Statistical Significance Testing for Natural Language Processing

Dror, Rotem, Peled-Cohen, Lotem, Shlomov, Segev

商品描述

Data-driven experimental analysis has become the main evaluation tool of Natural Language Processing (NLP) algorithms. In fact, in the last decade, it has become rare to see an NLP paper, particularly one that proposes a new algorithm, that does not include extensive experimental analysis, and the number of involved tasks, datasets, domains, and languages is constantly growing. This emphasis on empirical results highlights the role of statistical significance testing in NLP research: If we, as a community, rely on empirical evaluation to validate our hypotheses and reveal the correct language processing mechanisms, we better be sure that our results are not coincidental.

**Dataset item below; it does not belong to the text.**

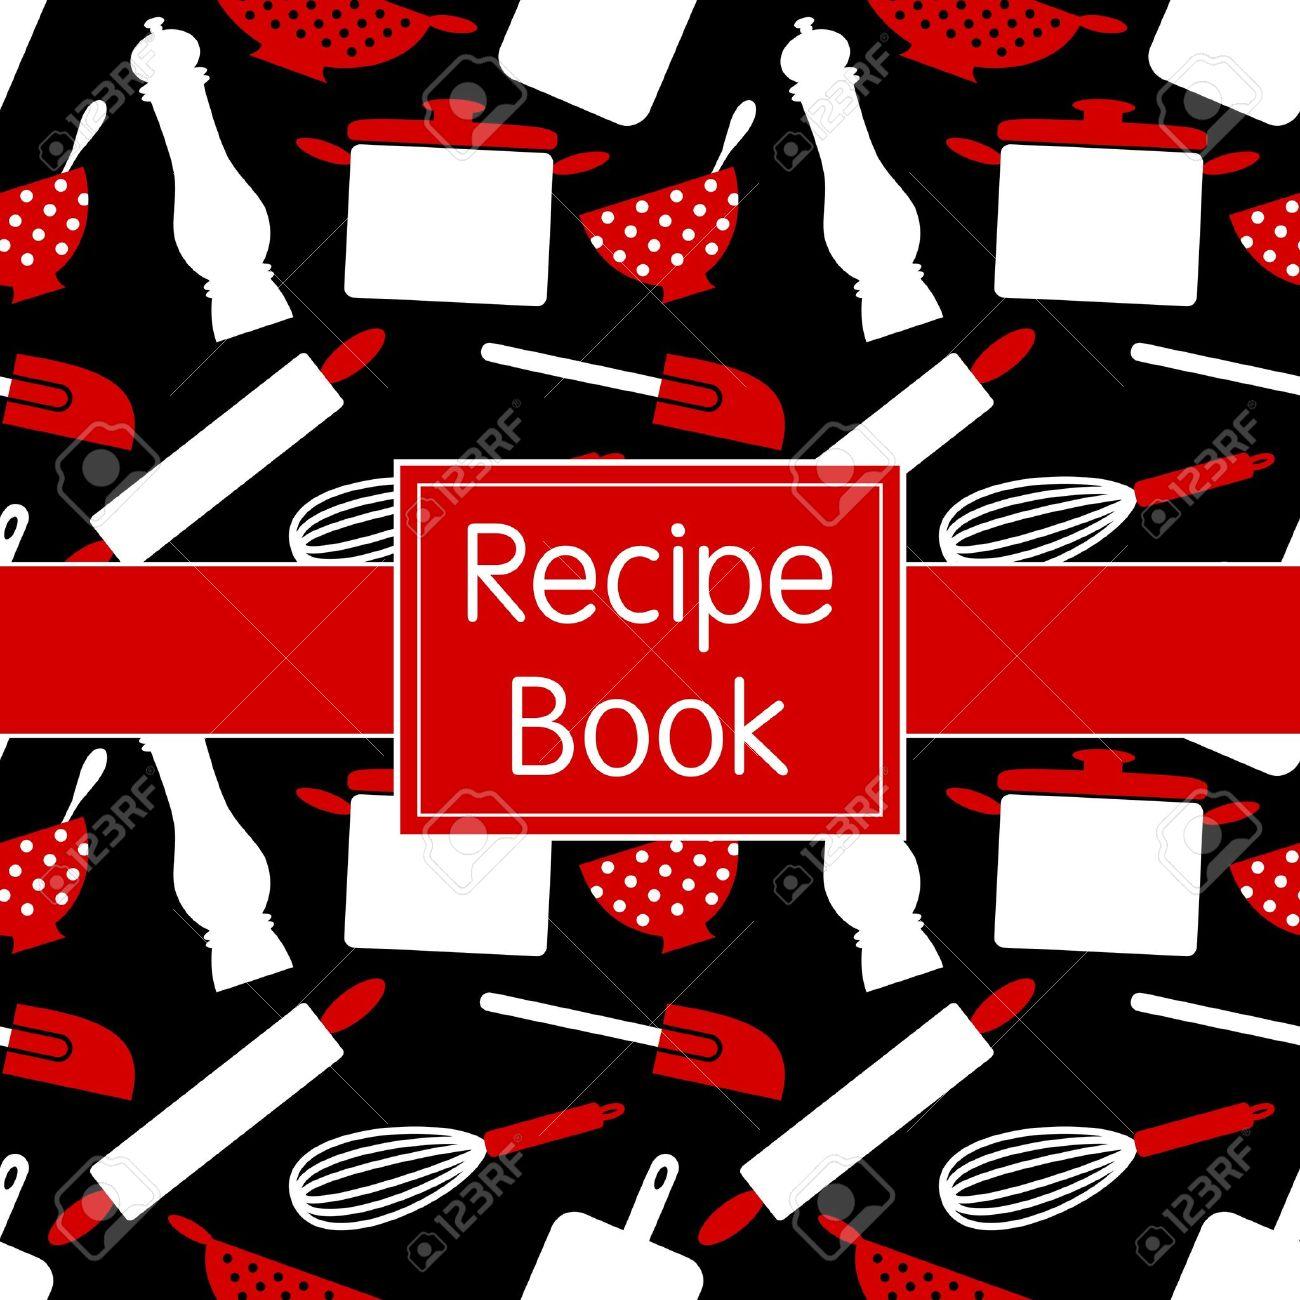 Recipe book cover clipart png transparent download Recipe book cover clipart - ClipartFest png transparent download
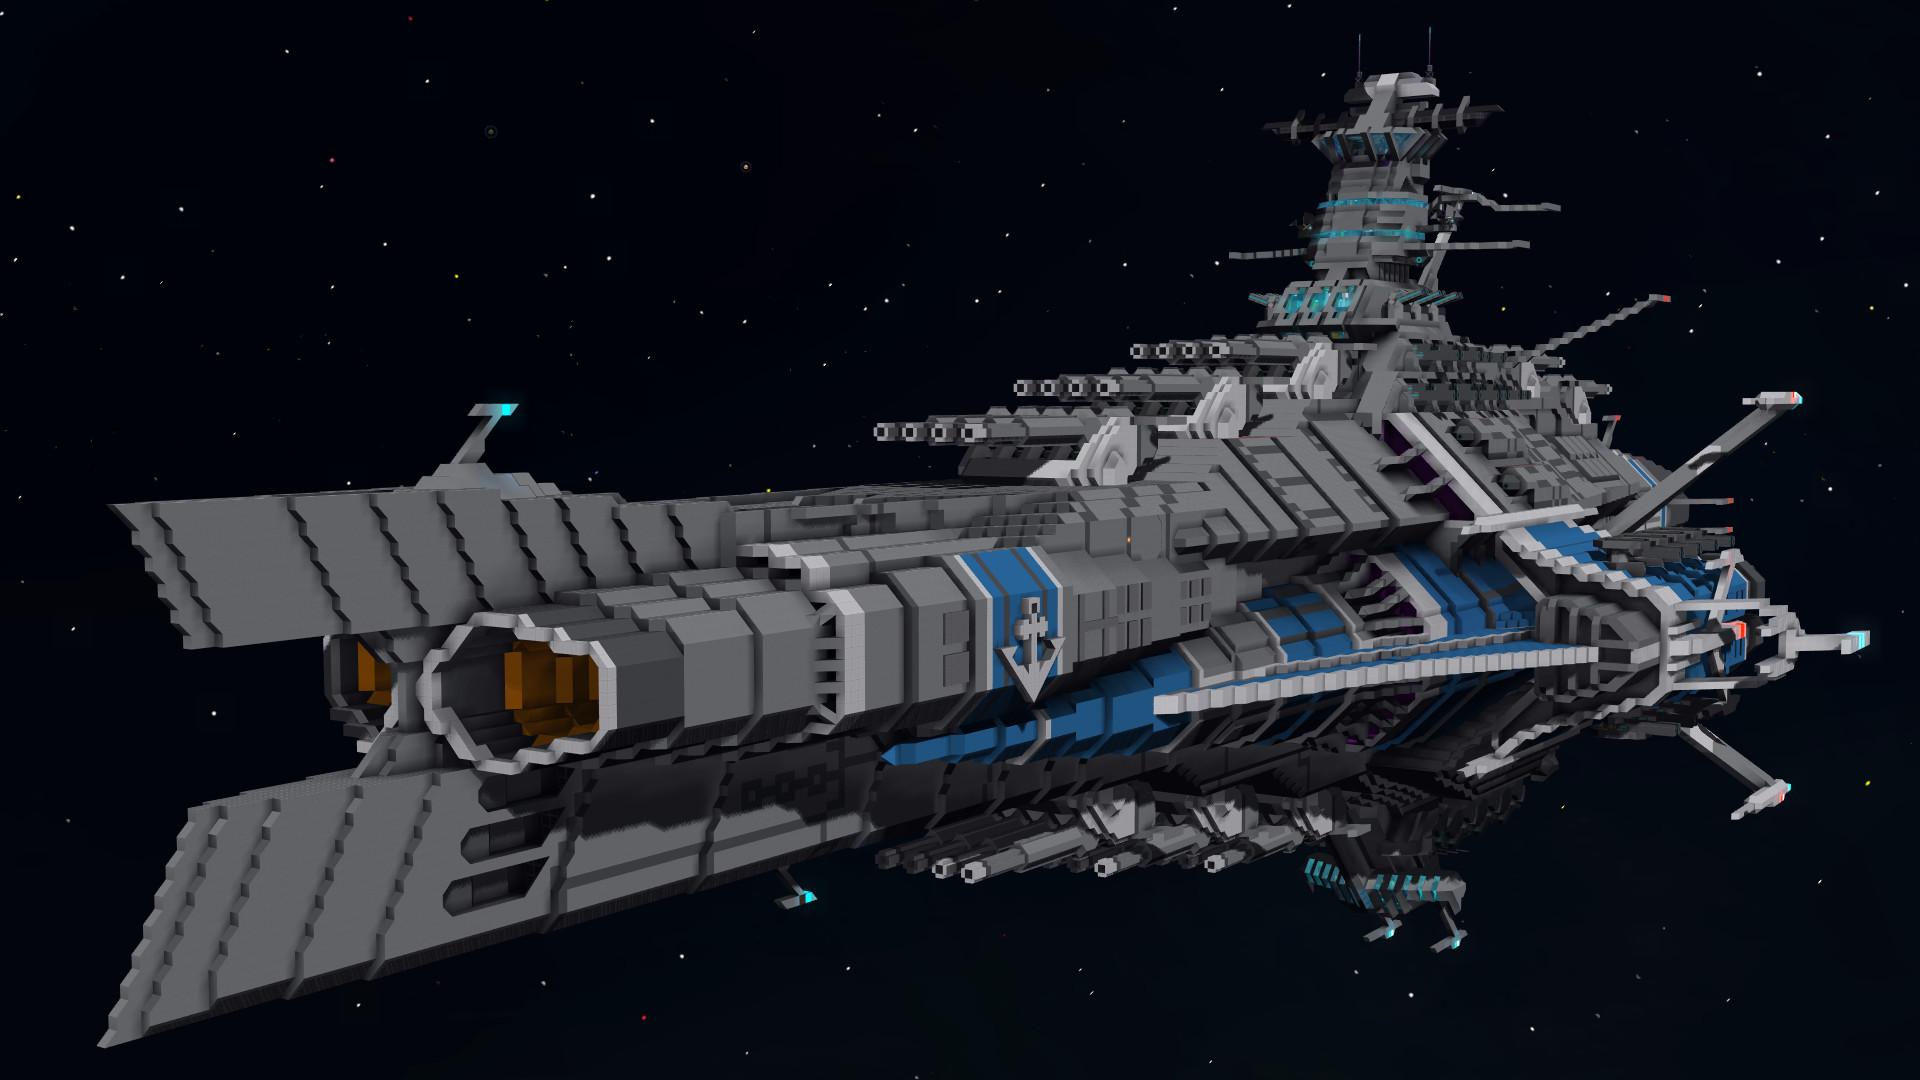 Space Battleship Yamato Wallpaper 86 Images

The goal of this book is to discuss the main aspects of statistical significance testing in NLP. Our guiding assumption throughout the book is that the basic question NLP researchers and engineers deal with is whether or not one algorithm can be considered better than another one. This question drives the field forward as it allows the constant progress of developing better technology for language processing challenges. In practice, researchers and engineers would like to draw the right conclusion from a limited set of experiments, and this conclusion should hold for other experiments with datasets they do not have at their disposal or that they cannot perform due to limited time and resources. The book hence discusses the opportunities and challenges in using statistical significance testing in NLP, from the point of view of experimental comparison between two algorithms. We cover topics such as choosing an appropriate significance test for the major NLP tasks, dealing with the unique aspects of significance testing for non-convex deep neural networks, accounting for a large number of comparisons between two NLP algorithms in a statistically valid manner (multiple hypothesis testing), and, finally, the unique challenges yielded by the nature of the data and practices of the field.

商品描述(中文翻譯)

資料驅動的實驗分析已成為自然語言處理(NLP)演算法的主要評估工具。事實上,在過去的十年中,很少見到一篇NLP論文,特別是提出新演算法的論文,不包含廣泛的實驗分析,且涉及的任務、數據集、領域和語言的數量不斷增加。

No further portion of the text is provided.